2017 Alabama Special Senate Election

On January 3, 2018, Democrat Gordon Douglas “Doug” Jones was sworn in as Alabama’s U.S. senator after defeating Republican Roy Moore in a special election held December 12, 2017. Jones’s victory flipped a U.S. Senate seat from Republican to Democrat in Alabama for the first time in a quarter century and marked the first Democratic victory in a statewide election since 2008. Running in a state carried decisively by Pres. Donald Trump in 2016, Jones won 49.9 percent of the vote to Moore’s 48.4 percent. His victory depended upon strong turnout in majority-Black counties, substantial support in urban centers, and gains among suburban and college-educated voters.

The special election was triggered by the resignation of sitting Republican senator Jeff Sessions on February 8, 2017, following his appointment as the 84th Attorney General of the United States in the Trump administration. Sessions’s departure opened a rare statewide contest in a political environment dominated by Republicans in recent decades. Since the late twentieth century, Alabama had undergone a dramatic partisan realignment, with Republicans consolidating power at the federal and state levels. Against this backdrop, the election drew national attention as an early test of partisan loyalties in the Trump era.

On February 9, Gov. Robert Bentley appointed Alabama attorney general Luther Strange to fill the vacancy until a special election could be held. The appointment attracted controversy, as Strange’s office had been investigating Bentley’s administration, prompting criticism that the appointment presented a conflict of interest. Bentley initially scheduled the election for 2018, but after Bentley resigned that April amid scandal related to an extramarital affair and misuse of state funds, Lt. Gov. Kay Ivey assumed office and moved the election forward to December 2017.

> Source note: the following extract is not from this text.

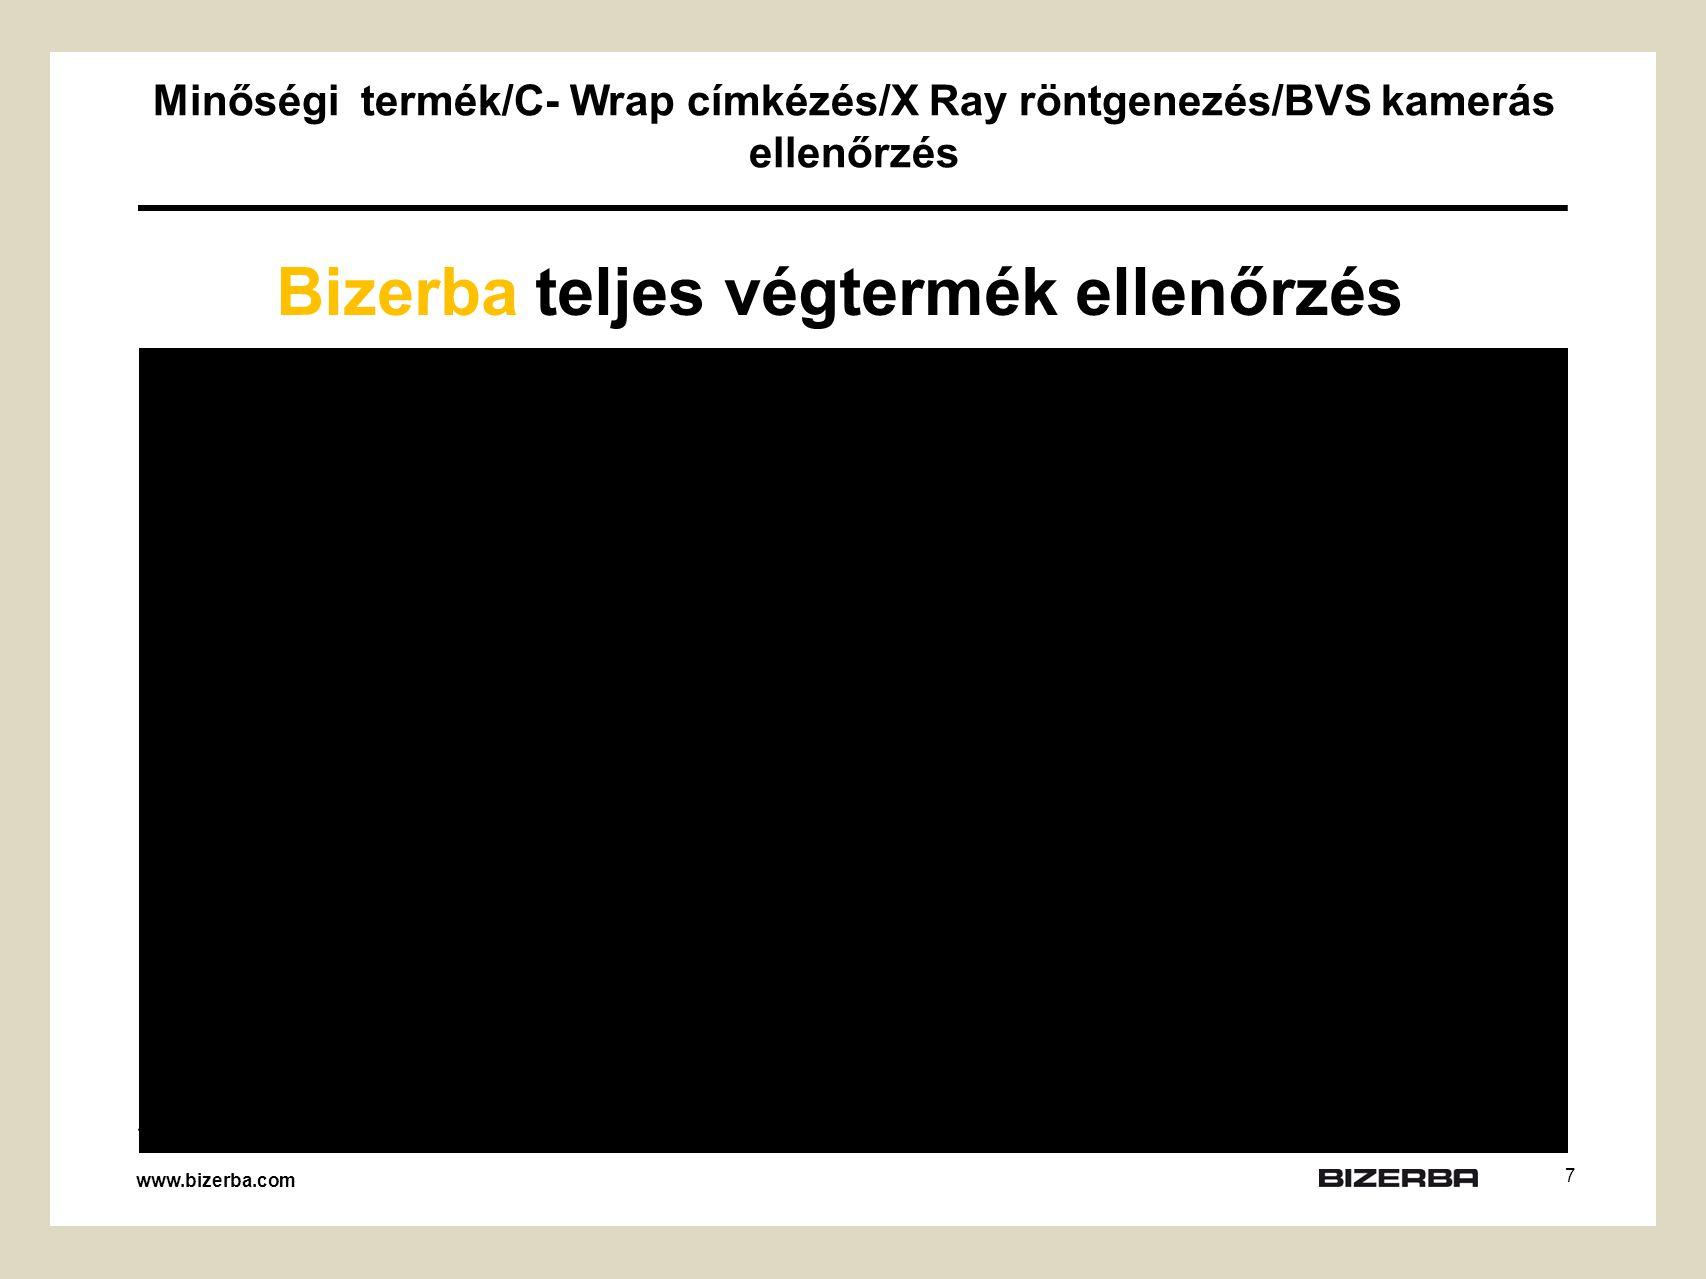 7 Bizerba teljes végtermék ellenőrzés Minőségi termék/C- Wrap címkézés/X Ray röntgenezés/BVS kamerás ellenőrzés www.bizerba.com

The Republican primary drew a crowded field that included Strange, U.S. Representative Morris “Mo” Brooks Jr., and Roy Moore, former chief justice of the Alabama Supreme Court. In a runoff on September 26, 2017, Moore defeated Strange despite support for Strange from Pres. Trump and much of the Republican establishment, including Mitch McConnell, the Senate majority leader. Moore’s victory highlighted divisions within the Republican Party and the strength of anti-establishment conservatism in Alabama politics.

Polling initially suggested Moore was favored in the general election, but his campaign was disrupted in November 2017 when several women accused him of sexual misconduct, allegations first reported by the Washington Post and followed by extensive national coverage. Moore faced credible claims of initiating improper social contact and sexually assaulting women while they were teenagers and he was in his 30s. In response, numerous Republican leaders, including Alabama senator Richard Shelby, withdrew support and urged Moore to leave the race. Although national Republican support briefly wavered, Pres. Trump ultimately endorsed Moore, whose name could no longer be removed from the ballot at the time of the accusations.

As Moore’s campaign faltered, Jones mounted an aggressive late campaign focused on turnout and coalition-building. A former U.S. attorney for the Northern District of Alabama, Jones was widely known for prosecuting Thomas Blanton Jr. and Bobby Frank Cherry for the 1963 bombing of Birmingham’s Sixteenth Street Baptist Church, a record that figured prominently in his campaign. Jones emphasized healthcare, reproductive rights, and bipartisan moderation, while national Democratic figures, including former Pres. Barack Obama, lent support to the campaign.

Jones’s victory reflected both unusually high Black voter turnout and Republican underperformance in many regions of the state. Exit polling indicated Jones won approximately 96 percent of Black voters, who made up roughly one-quarter of the electorate. He also improved Democratic performance in metropolitan counties and affluent suburbs, particularly in Jefferson and Madison Counties and in suburban areas surrounding Birmingham, Jefferson County. Moore underperformed compared to Trump’s 2016 margins across much of north and central Alabama and lost support among some college-educated and suburban Republican voters. Jones also carried Lee County, home to Auburn University, and Tuscaloosa County, home to the University of Alabama, signaling notable Democratic gains among younger and educated voters.

Jones’s election reduced the Republican majority in the U.S. Senate to 51-49 and represented the only congressional special election in 2017 in which a party flipped a Senate seat. (It was the first time a Democrat won a statewide election in Alabama since 2008, when Lucy Baxley was elected president of the Public Service Commission.) Moore challenged the results but did not qualify for an automatic recount under Alabama law, which requires a margin of one-half of one percent or less; Jones won by approximately 1.6 percentage points. The election was widely interpreted as both a referendum on Moore’s candidacy and a demonstration of the electoral power of Black voters and cross-party suburban coalitions in Alabama. Though Jones would lose reelection in 2020 to former Auburn football coach Tommy Tuberville, the 2017 special election remains a significant moment in the political history of modern Alabama.